Salafis originally wanted to tie sharia interpretation to traditional rulings, not just purposes, as interpreted by senior scholars from the Azhar. These provisions were written into the 2012 constitution but lost in its 2014 amendments. Seeing such a ruling as this, it is clear they do not trust the court.
But maybe they got what they wanted, through the court, even in what evaded them in 2012:
In order to replace the sharī‘ah-escaping word ‘principles’, the Nūr Party sought to change it in Article 2 with the more strict ‘rulings’ (ahkām). They did not gain consensus, and even in Article 219 the words translated as ‘rulings’ do not reflect the strictures of the Arabic ahkām.
But the SCC states in its May 18 judgment that Article 2 is based on the ahkām of sharī‘ah, in its foundations and general principles, using language reminiscent of Article 219. Furthermore, these ahkām may not be violated where they are maqtū’ bi thubūtiha au bi dallālitiha. This phrase means that the rulings are clear and proven, either by the Qur’an directly (thubūt) or through jurisprudential reasoning (dallālah).
But this is not restricted only to hukm qata’i, where there is one accepted meaning only.
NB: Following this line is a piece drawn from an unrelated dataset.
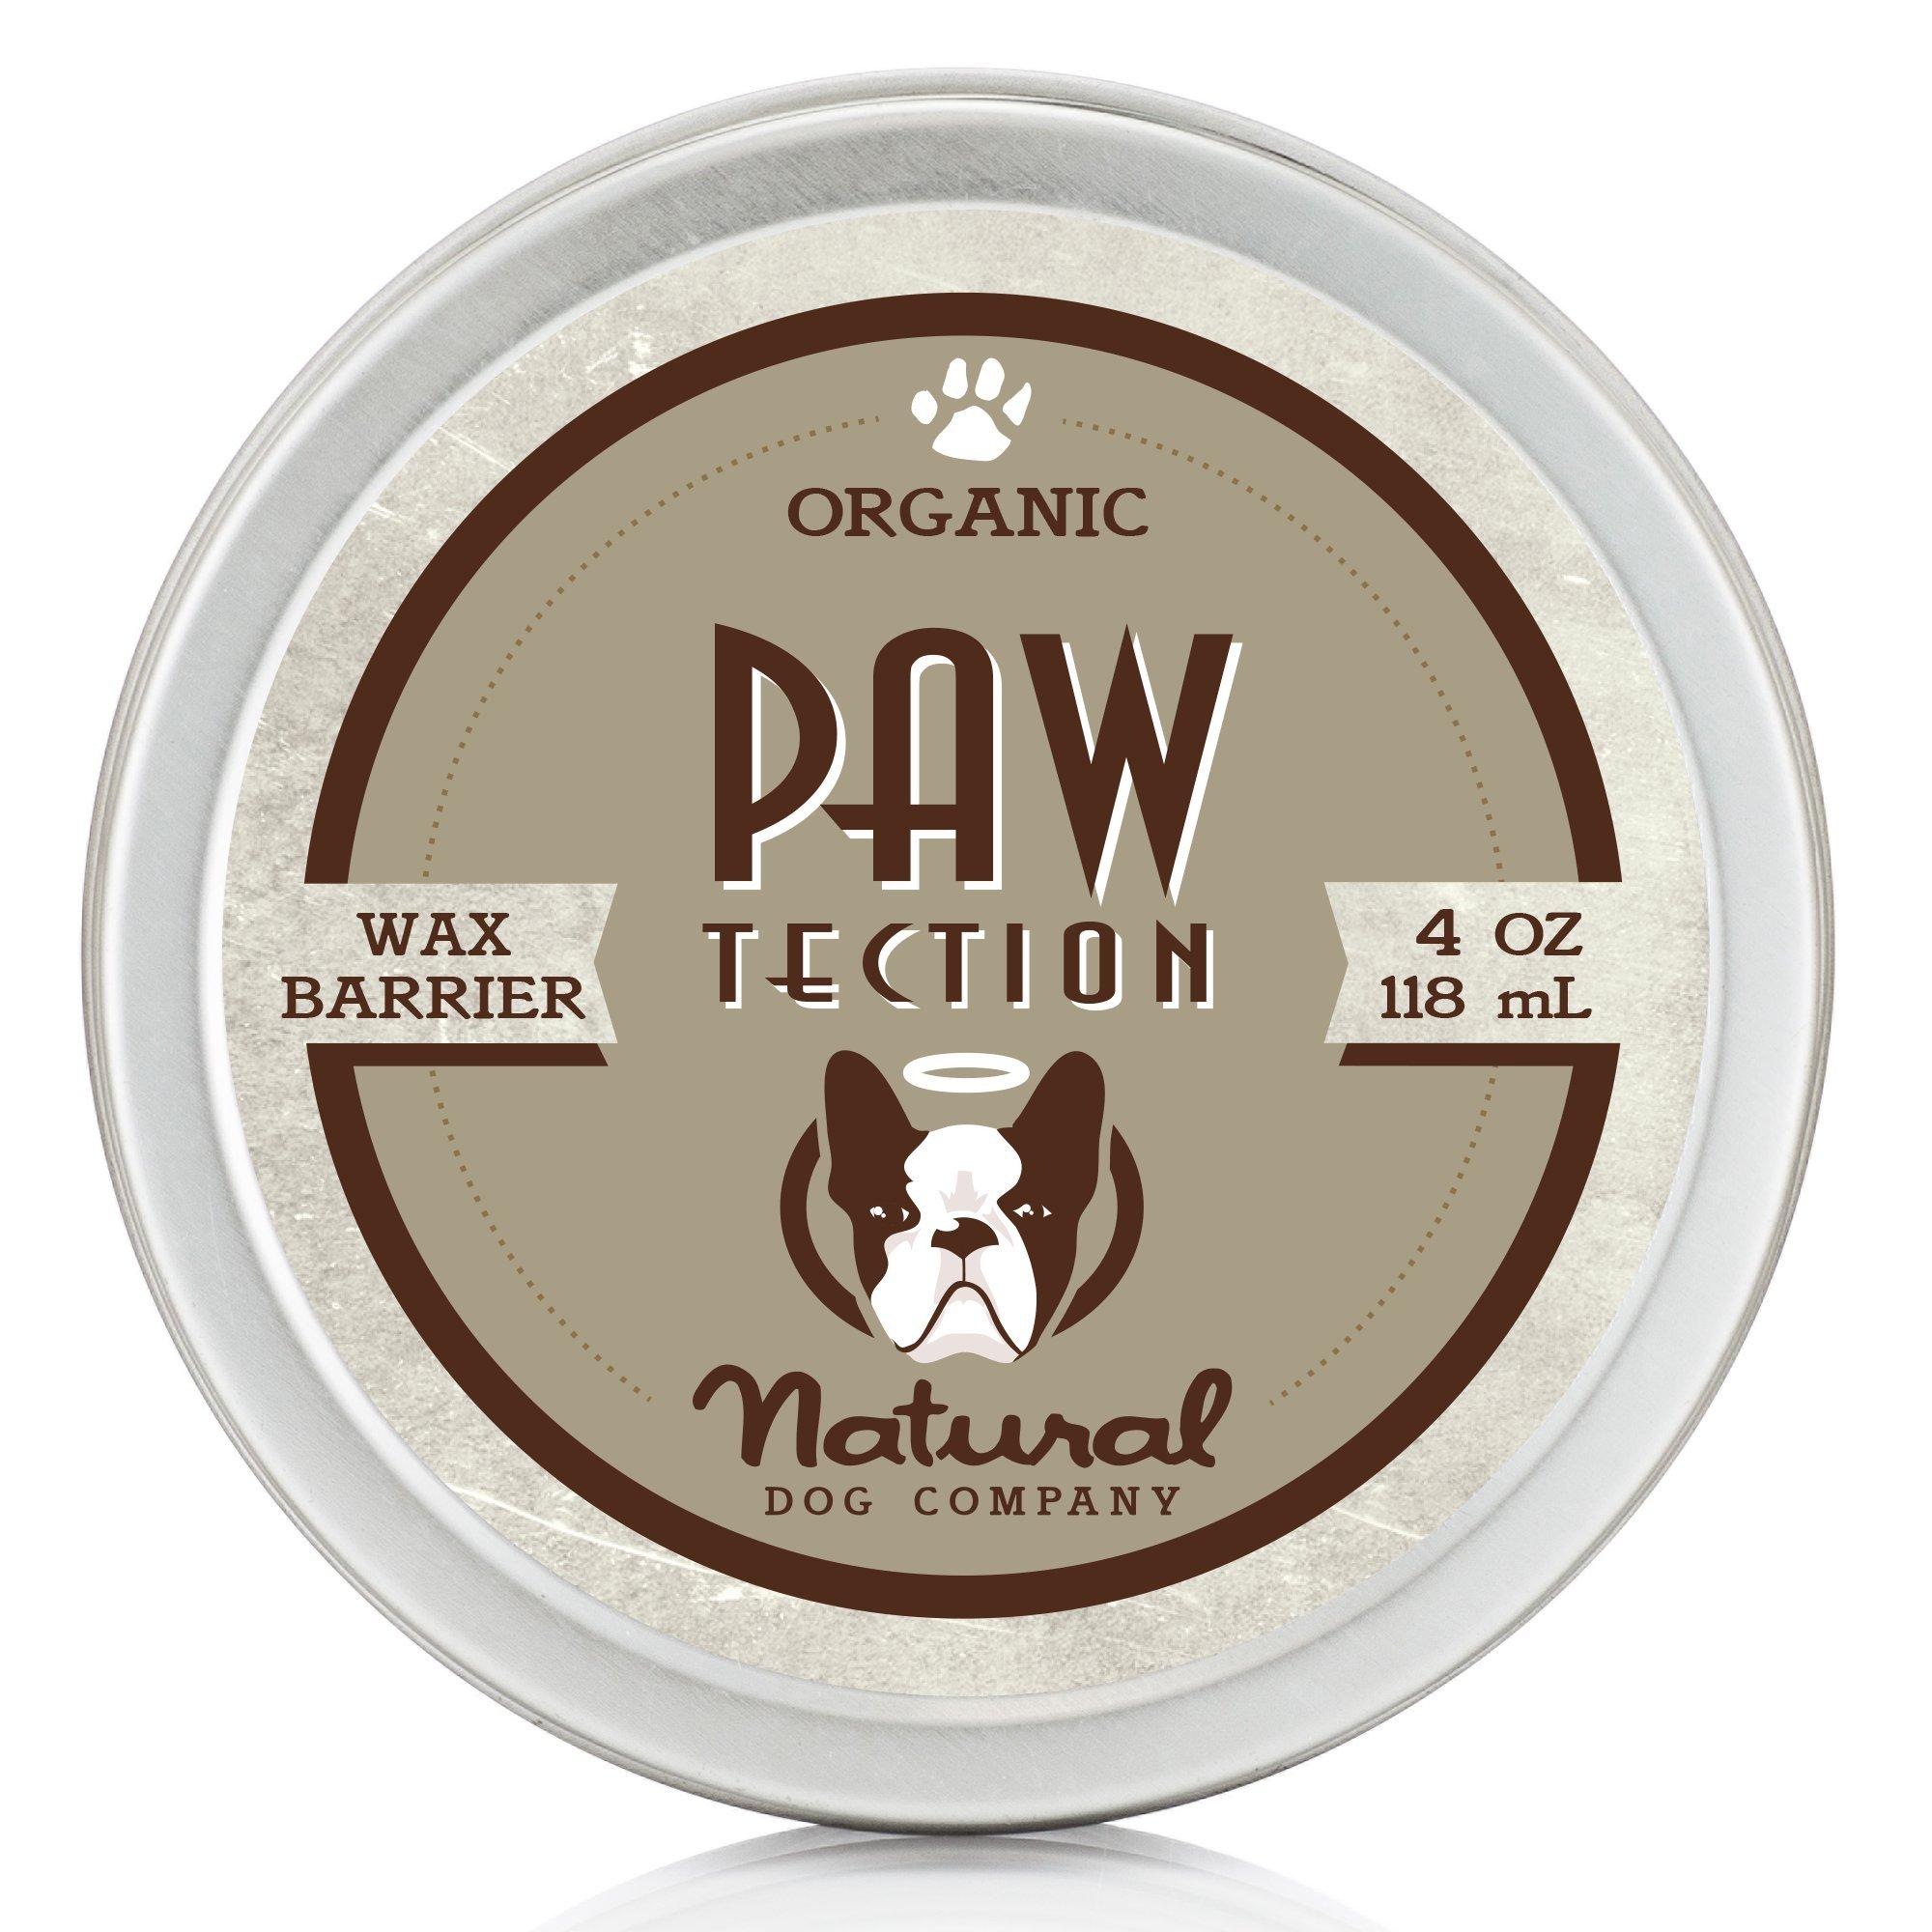 NaturalDog.com PAWTECTION | Organic, All Natural | For Protecting Paw Pads | 4 oz Tin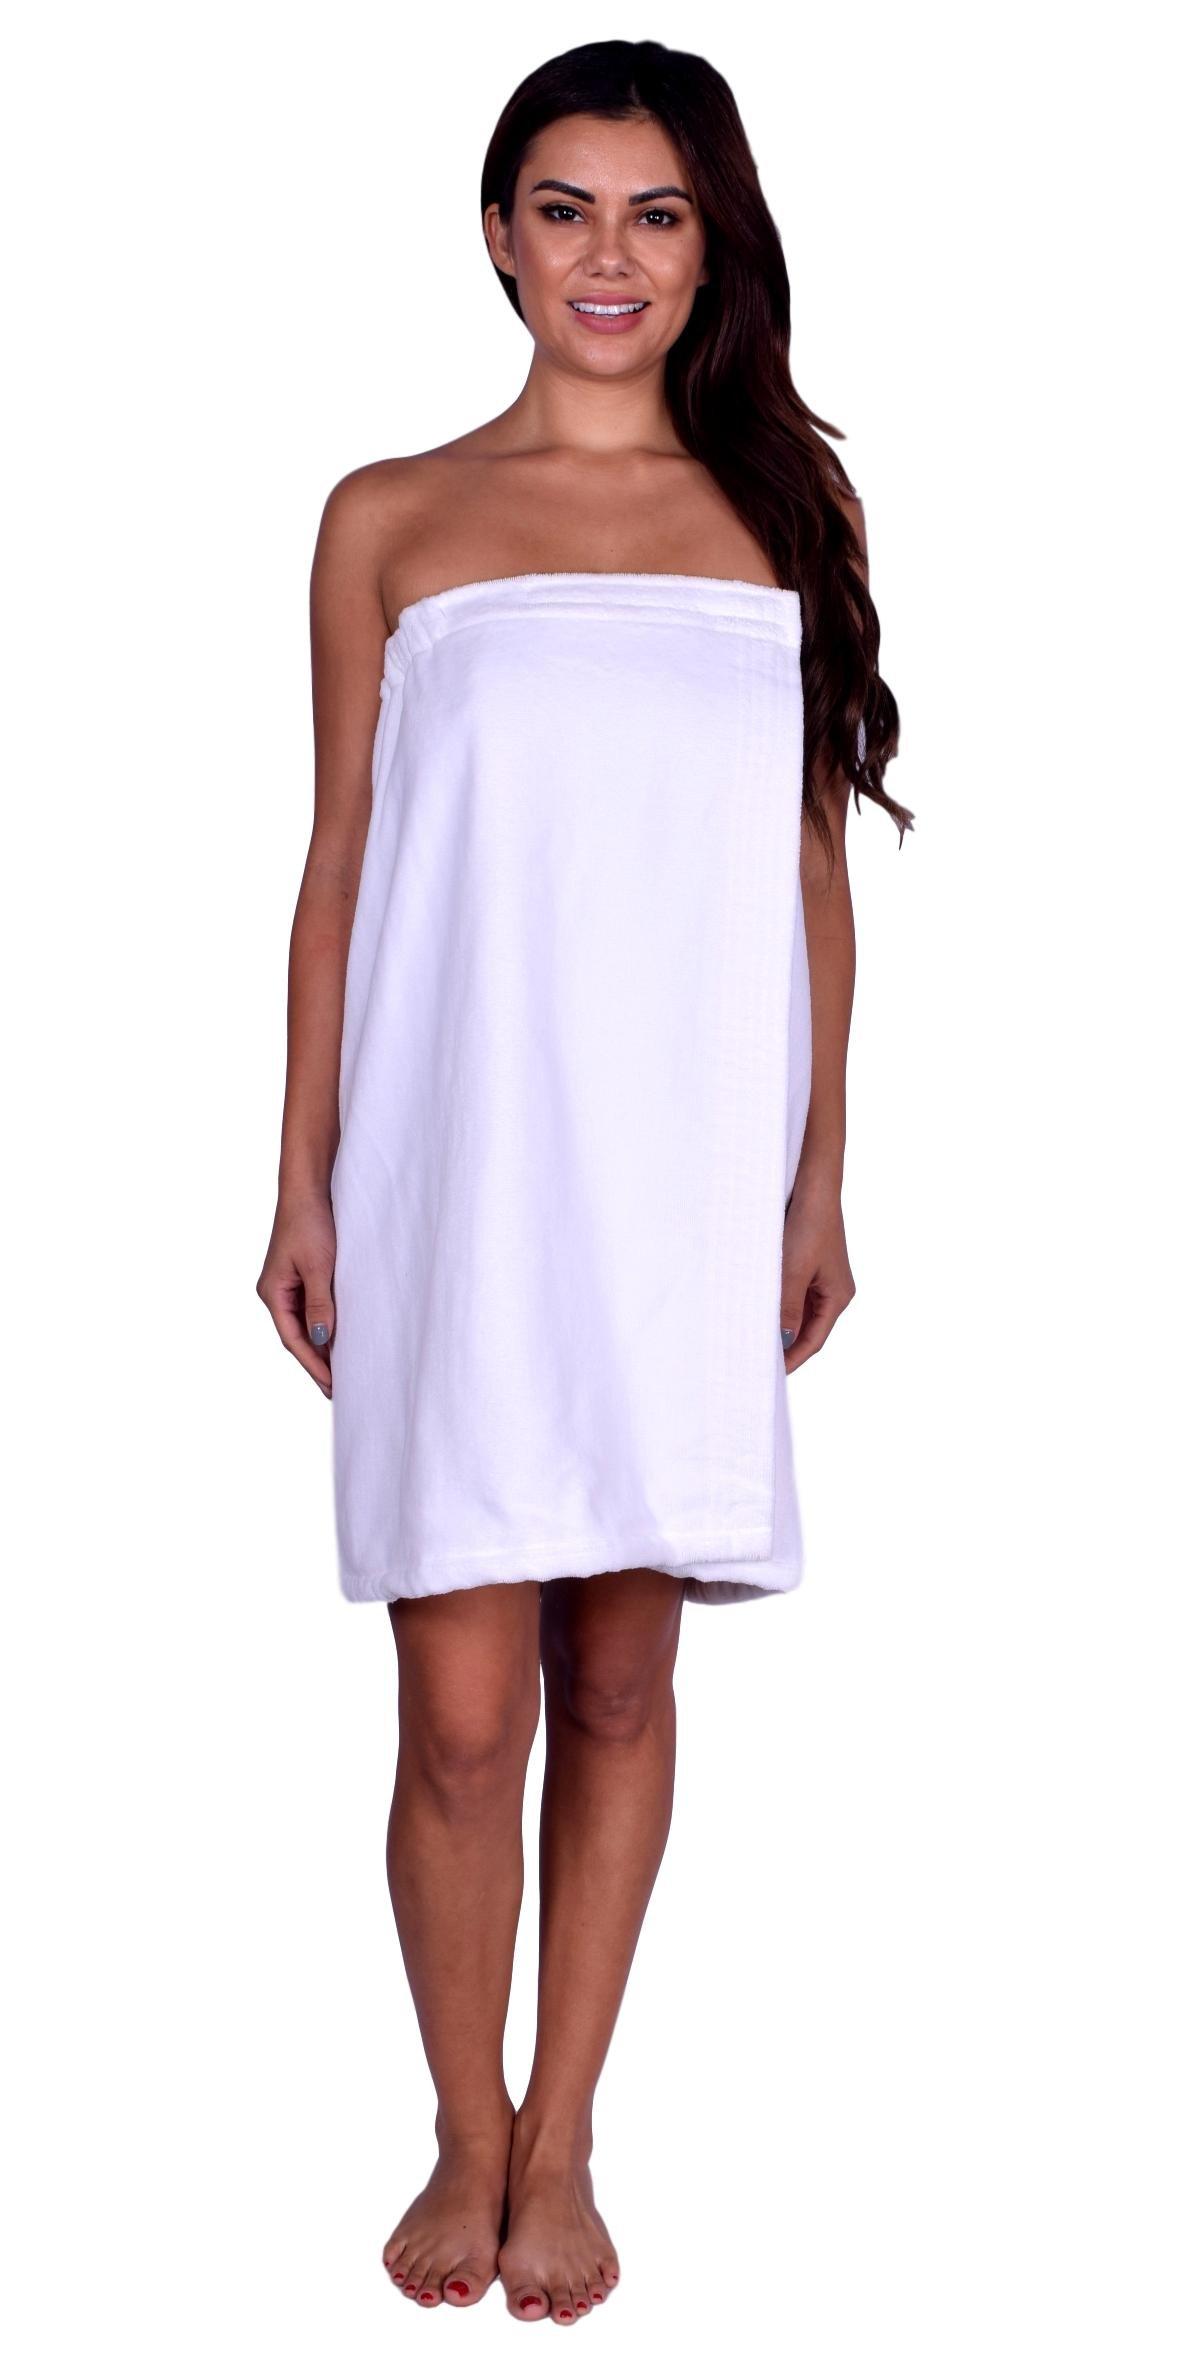 La Calla Women's Bath Wrap -%100 Terry Cotton - Turkish Spa Shower Women Wraps with Adjustable Closure (White)

It includes also hukm zanni, where many meanings and interpretations have been suggested. The point is that sharī‘ah encompasses the historic work of scholarship, and legislation must not transgress its bounds. Within this sharī‘ah heritage, no voice is sacred and new voices may emerge with the times. But as the parliament creates law, the judiciary judges within the hedge of sharī‘ah. This is not the language of a judge seeking to ignore it.
But perhaps this is all legal semantics, and what really matters is who is in charge. From the conclusion:
It may not be the language of the constitution that is of paramount importance, but who writes it. The 2012 constitution signaled a transition to a new Islamist order; the 2014 signaled a reversal. The reversal, however, includes preamble language authored by the Salafis, and the terms of debate bound by Article 2.
If correct, this interpretation suggests the forces of reversal remain in control, and less-than-Islamist rulings are likely to issue from the SCC. But it also suggests that Salafis have a place at the table, and may through this constitutional nod win either legislation or rulings that reflect conservative religion.
In this sense, does their defense of sharī‘ah mean also the defense of their existence? It is too early to tell, but it has resulted, at least, in a public constitutional reminder that sharī‘ah remains the basis of legislation.
That this reminder can be interpreted flexibly fits well the overall ambiguity of the political situation, Nūr included.